"Une nouvelle langue est presqu'une nouvelle vie, tu t’insères dans une autre logique et éprouves d’autres sentiments". J’ai pu mieux comprendre la volonté de m’exprimer dans une nouvelle langue : réussir à me soumettre à une métamorphose.
Jhumpa Lahiri est une écrivaine américaine d'origine indienne. Elle habite à Rome.
Avant d’écrire ces réflexions, j’ai reçu un email d’un ami de Rome, l’écrivain Domenico Starnone. Faisant référence à ma volonté de d’apprendre l’italien, il a écrit : « une nouvelle langue est presqu’une nouvelle vie, tu t’insères dans une autre logique et éprouves d’autres sentiments » .Combien m’ont rafraîchie ces mots ! Ils semblaient avoir des répercussion sur mon état d’âme après être arrivée à Rome et après avoir commencé à écrire en italien. Ils contenaient toute mon agitation, toute ma désorientation. En lisant le message, j’ai pu mieux comprendre la volonté de m’exprimer dans une nouvelle langue : réussir à me soumettre, en tant qu’écrivaine, à une métamorphose.
Au même moment où j’ai reçu ce message, quelqu’un m’a demandé, pendant une interview, quel était mon livre préféré.

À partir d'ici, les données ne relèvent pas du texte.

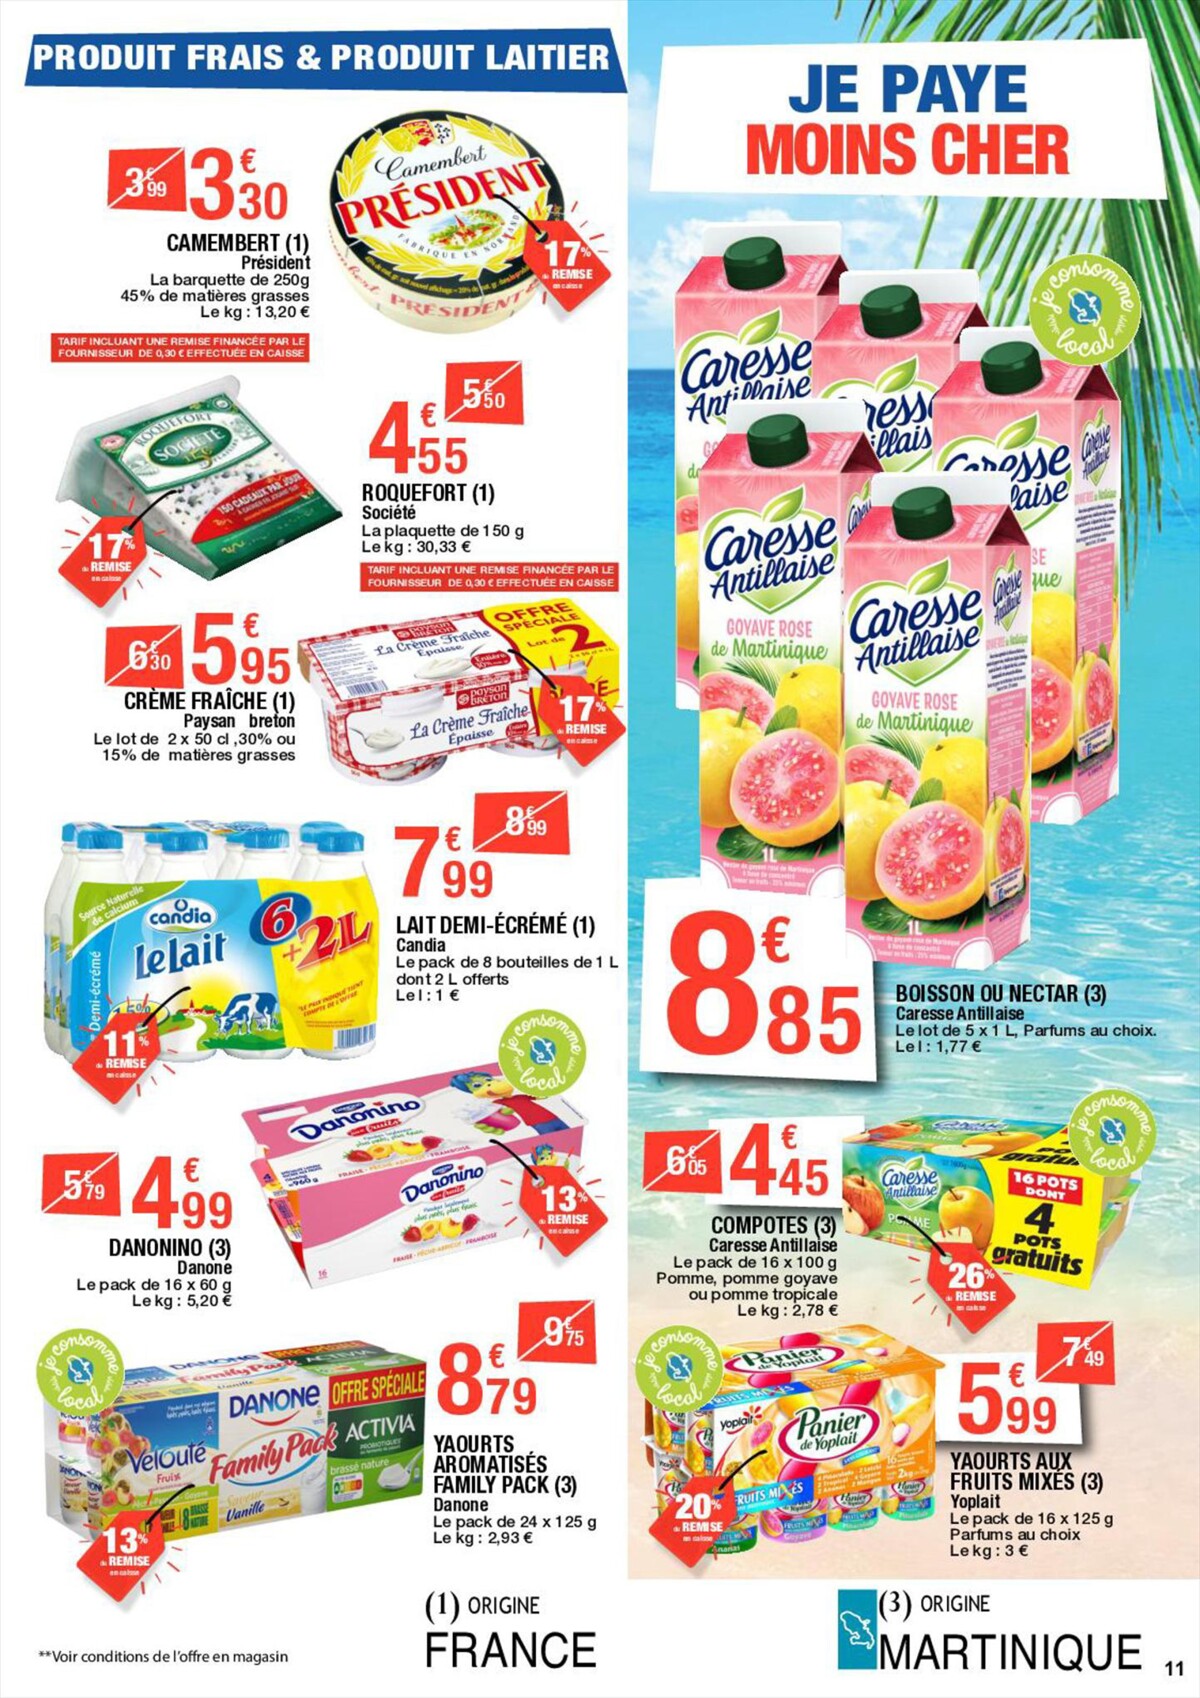 Catalogue Carrefour Special MDD, page 00011

J’étais à Londres sur scène avec d’autres écrivains. Généralement cette question m’énerve : il n’existe pas, selon moi, un livre définitif, c’est pourquoi je ne sais jamais comment répondre. Mais cette fois, j’ai réussi à répondre sans aucune hésitation que mon livre préféré était « Les métamorphoses » d’Ovide. Je le considère comme un livre majestueux, un poème qui concerne et reflète tout. Je l’ai lu pour la première fois il y a vingt-cinq ans, en latin. J’étais une étudiante universitaire aux États-Unis. Une rencontre inoubliable, peut-être la lecture la plus satisfaisante de ma vie. Pour rejoindre ce poème j’ai dû me dédier à une langue étrangère, ancienne, exigeante. Pourtant, l’écriture d’Ovide m’a conquise, elle m’a fascinée. J’ai découvert une œuvre sublime, un langage vif, entrainant. Je crois que lire dans une langue étrangère est la façon la plus intime de lire.

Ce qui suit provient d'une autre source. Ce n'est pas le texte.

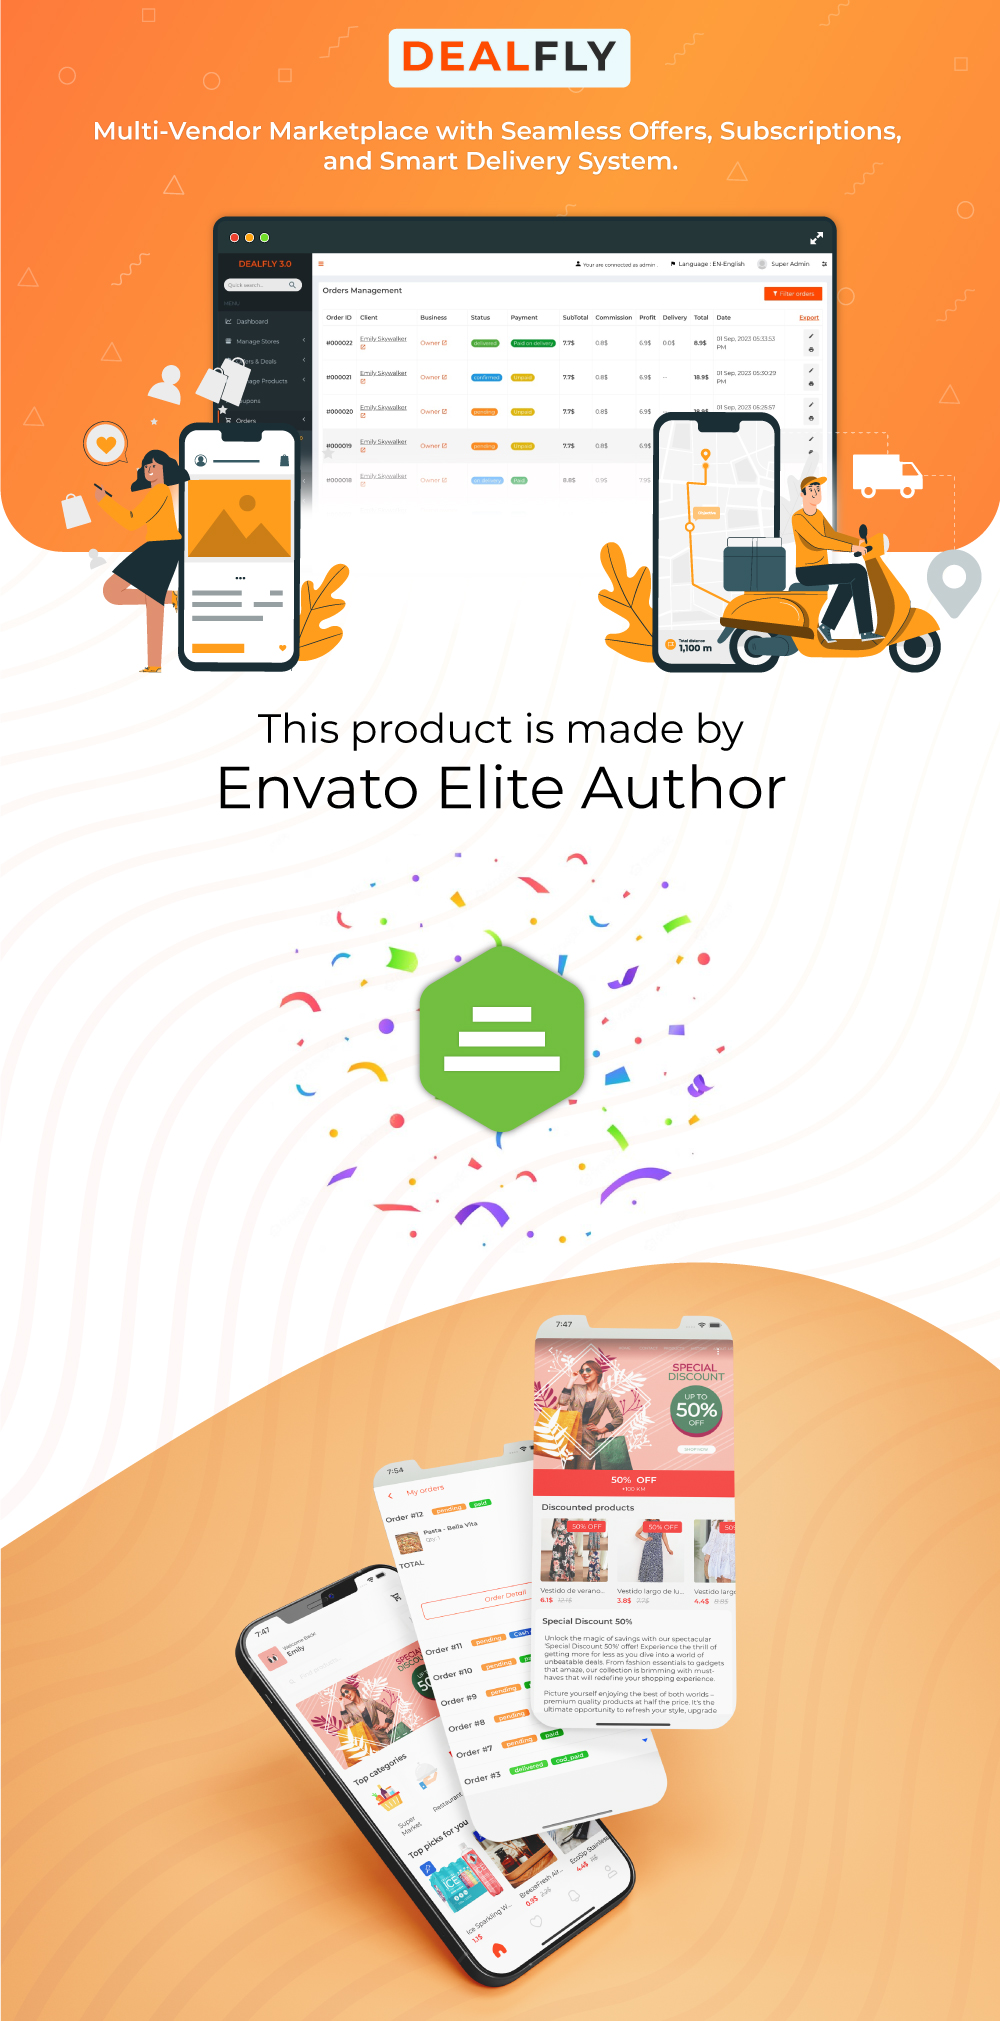 Dealfly - E-commerce & Multi-Vendor Marketplace with Offers, Subscriptions, and Delivery App V3.0 - 5

Je me souviens comme si c’était hier le moment où Daphné, la nymphe, se transforme en laurier. Elle veut échapper à Apollon, le dieu pressant qui la désire. Elle voudrait rester seule, chaste et dévouée au bois et à la chasse comme la vierge Diane. Epuisée et incapable de s’enfuir du dieu, la nymphe supplie son père, une divinité fluviale, de l’aider. Ovide écrit : «Sa prière à peine achevée, une lourde torpeur s’empare de ses membres, sa tendre poitrine est serrée par une fine écorce, ses cheveux s’allongent en feuilles, en branches s’étendent ses bras, tandis que ses pieds, si vifs à l’instant, sont fixés par de solides racines. Une cime lui fait office de visage ; seul son éclat subsiste en elle». Quand Apollon pose sa main sur le tronc de l’arbre « il sent battre encore son cœur sous l’écorce nouvelle ».